2. Get everyone collaborating quickly and creatively
How many times have you waited for some other team to decide or get back to you about something you need to start your work? Probably countless times. What design sprint does is gather everyone in one room and use a proven and streamlined method to design a solution and test it with a group of users. It gets the ball rolling fast.
Most of my clients are often amazed at how much they can achieve together in 5 days. And surprisingly, some of them have never or rarely collaborated with other teams in the company, which is the usual way of designing products. Things trickle down or get passed from one team to another.
I’ll speak to product engineers and designers who have never worked with marketers or sales managers before. And vice versa. Usually, the managers of each team may meet and discuss things for their projects, but not the team members. A sprint brings all the respective experts on to the same page quickly.
My clients usually report that they feel more motivated to collaborate more often after a design sprint. Once the walls have been broken down, and they see the value of working together, they are more likely to change their processes and workflow to accommodate this. This is the seed of a collaborative culture where creativity can flourish.

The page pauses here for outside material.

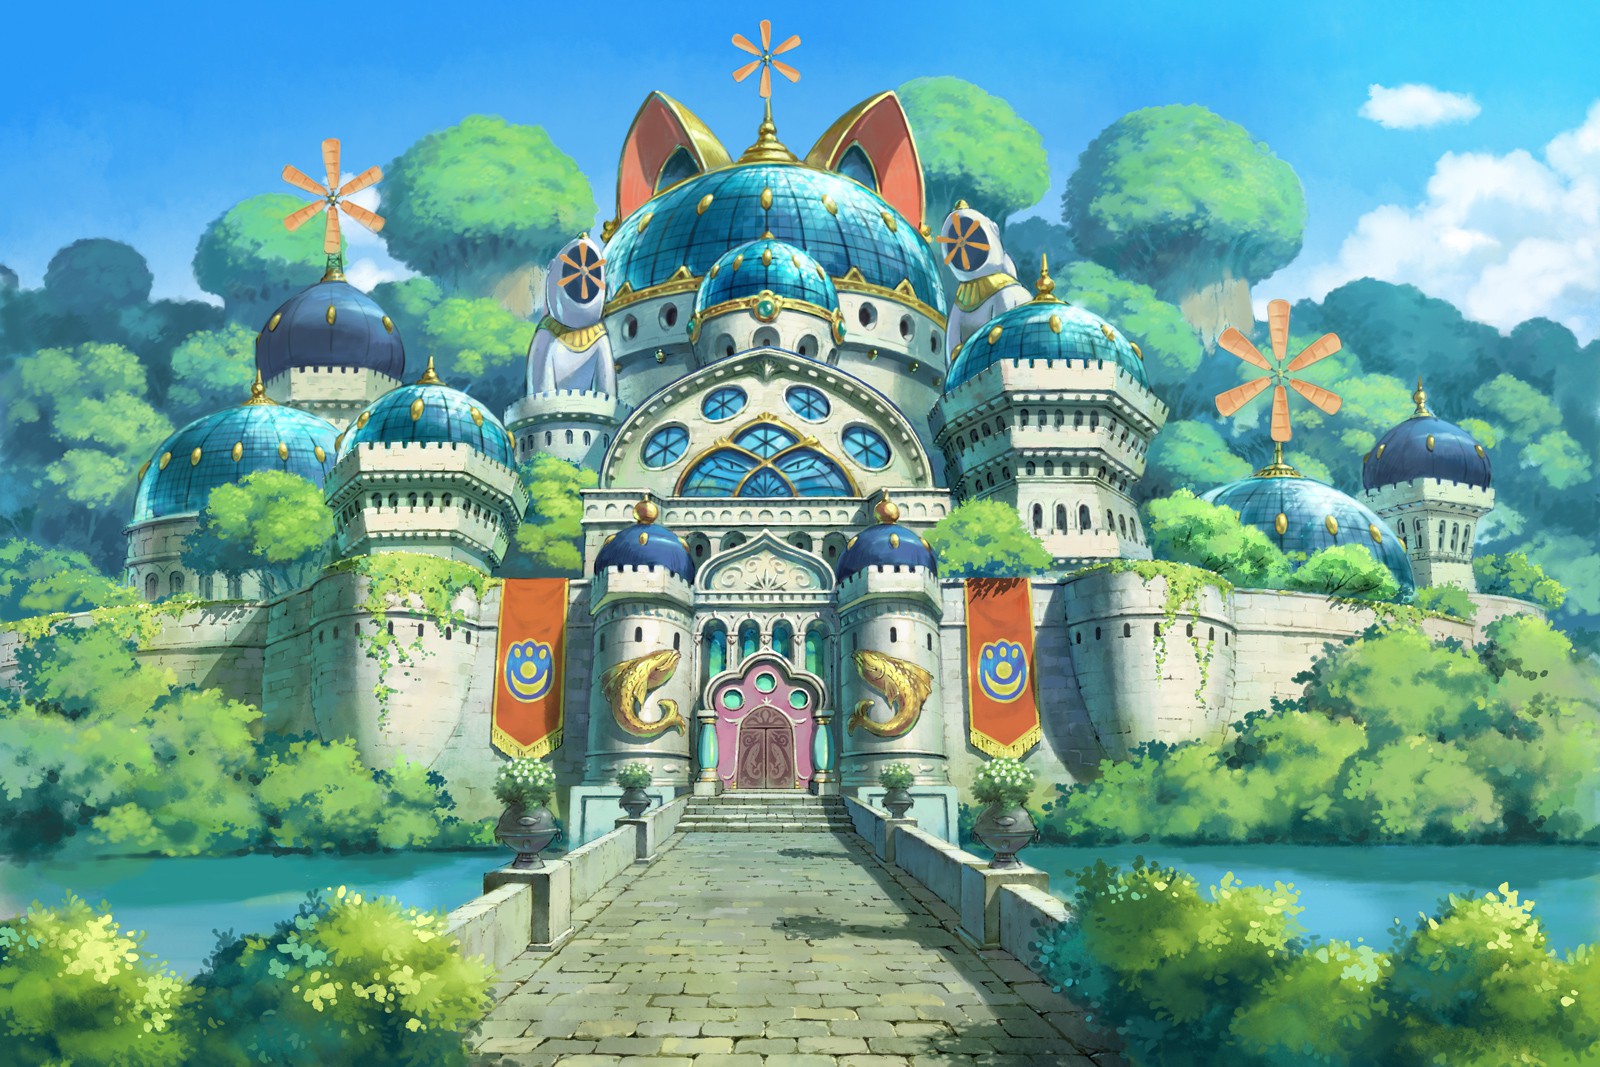 artwork-ding-dong-dell-ni-no-kuni-ii-level-5-cook-and-becker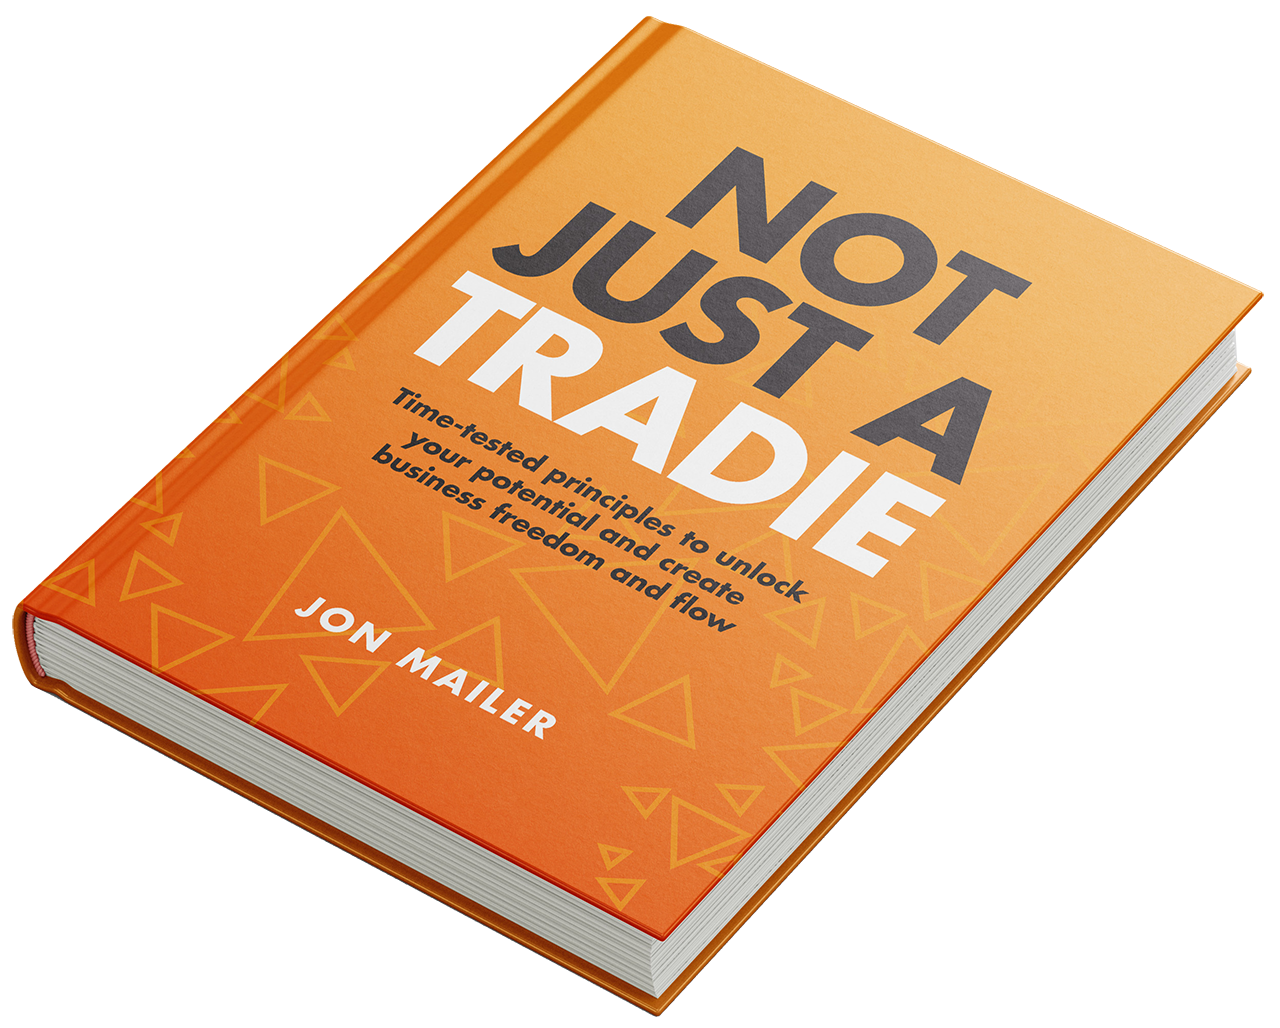 Not Just A Tradie Book by Jon Mailer

There is a caveat here. When you are getting that many people to commit and block 5 days in their calendars, they will, likely, not attend to other work and projects. So, there is an opportunity cost here. But that’s why it’s important to rope in a design sprint expert to produce results. If you are going to commit those resources and time for a week, it better count.
3. Get feedback early and reduce market risk
Design sprints incorporate user testing early in the design process. This may be slightly different from how you would normally do things. That early feedback is accessible to all the teams participating in the sprint. More people understand the general direction and requirements from the feedback, and they’ll have an opportunity to refine after the sprint. You are more likely to build a higher quality product for your users.
Simply put, you won’t end up building something nobody wants to use. This means you will be assured that you are working in the right direction, and address any shortcomings or limitations in your product. There is always a risk of failure every time you offer something to your target market. Design sprint helps you reduce this risk.
So, will a design sprint ensure you create a product that’s sure to blow your competitors out of the field?
Possibly, but that’s not really the value you’re deriving.
In business, time is money. If you can halve the time it takes to do something, you’ll free up resources to work on the next important project. Design sprints help you outpace and outshine your competitors. You’ll reduce design and development costs, as well as opportunity costs – the prospects you’re missing out on because you’re stuck building products and features for a long time.
Design sprint’s biggest strength is its time-bound method that won’t extend your project timelines. Yes, it requires commitment from multiple teams, but you know the amount of time it will take to get things done. There are no extensions or delays in the scope of work.
A close second benefit is the collaboration and alignment it brings. Everybody gets their heads together and digs into the work in a short time. You get more creative ideas, better solutions, and get to align the business goals, product goals and user needs.
Finally, design sprint helps with risk mitigation. These are all factors to consider when you are looking at doing design sprints. It will be a new way of doing things, and may surprise you by how efficient and creative you can be.